ACQ is known to eat fasteners and metals faster than CCA would. You must use HOT DIPPED GALVANIZED (not electro-galvanized) fasteners in it. The joist hanger manufacturers are making hangers with more zinc to resist corrosion of the hangers, but they won't say that you HAVE to use them.

As for flashing, copper is your best bet. It would be exxageration for someone to say that a galvanized piece of flashing won't work...Chances are it will last for years. The inspector might fuss, might not.

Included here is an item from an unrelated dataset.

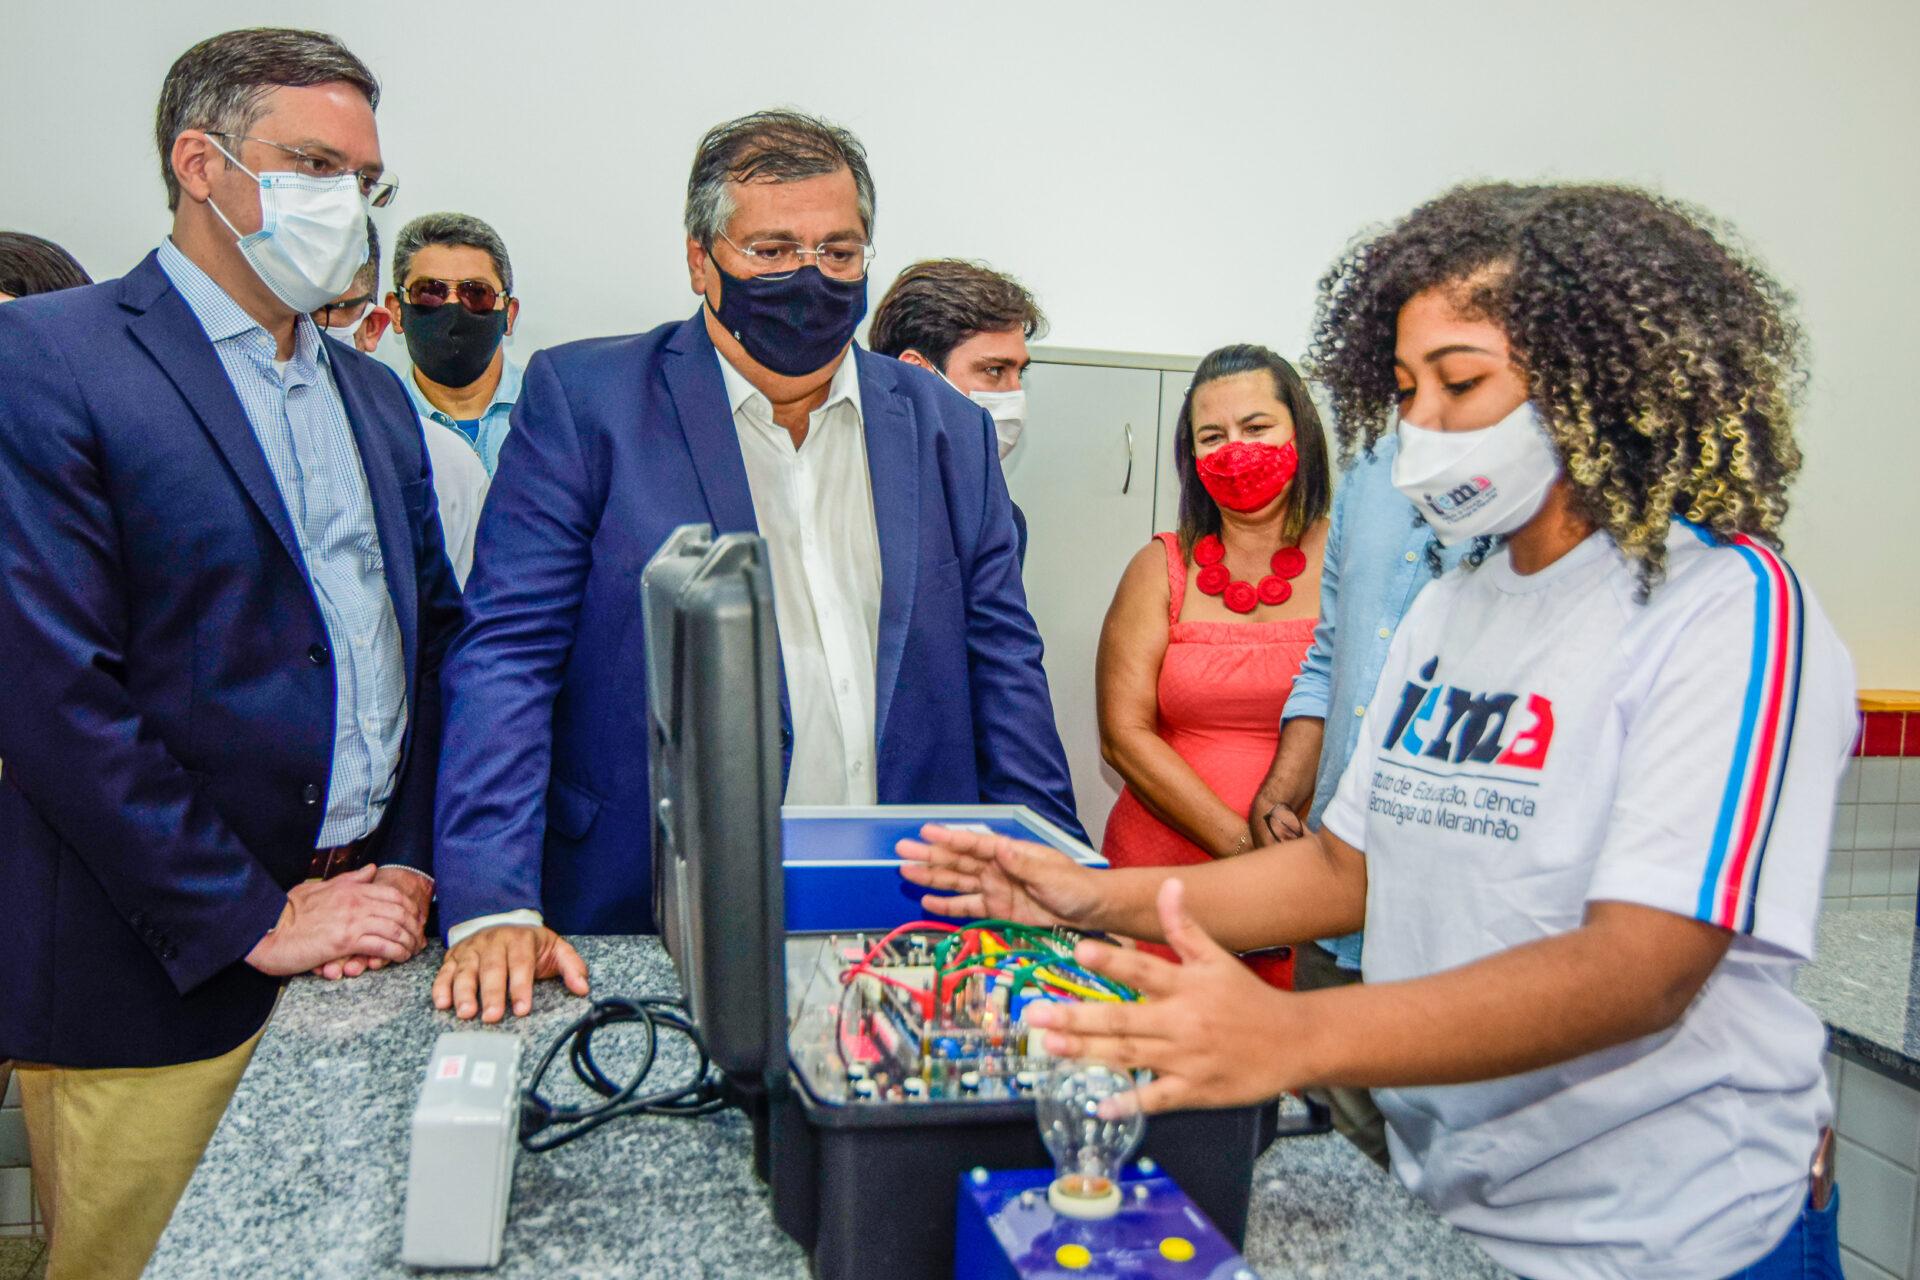 Alunos do IEMA Itaqui-Bacanga apresentaram projetos na inauguração dos laboratórios. (Foto: Karlos Geromy)

I have an ACQ fence, and four years later the staples that hold the mill tags on the end grain of the lumber are still going strong with minimal corrosion. I think there has been a lot of hype about this issue for sure.


----------



## ovahimba (Dec 25, 2007)

I was planning to use galvanized flashing on my deck as well. Someone told me to just put a membrane over the top of the ledger before placing the metal flashing. You could also place the same membrane (Grace Deck Protector) on the face of the ledger and ends of the joists to isolate the joist hangers, if you want to go that far. In 10 years we will all know if it is really necessary.


----------



## Ler0y Jenkins (May 5, 2008)

Thanks for the replies. I ended up buying vinyl flashing for behind the ledger board and vinyl z-flashing for the top. I put the ledger board up this weekend and everything went well. I through-bolted it using 3/8" carriage bolts every 16", staggered top and bottom the whole way across.


----------



## buildenterprises (Apr 5, 2008)

Not sure about lowes but I know the treated lumber home depot carries is approved for use in direct contact with aluminum. It is not ACQ but rather micronized copper, which is not nearly as corrosive as ACQ, but it also is not approved for ground contact so you must still use standard acq lumber for posts.


----------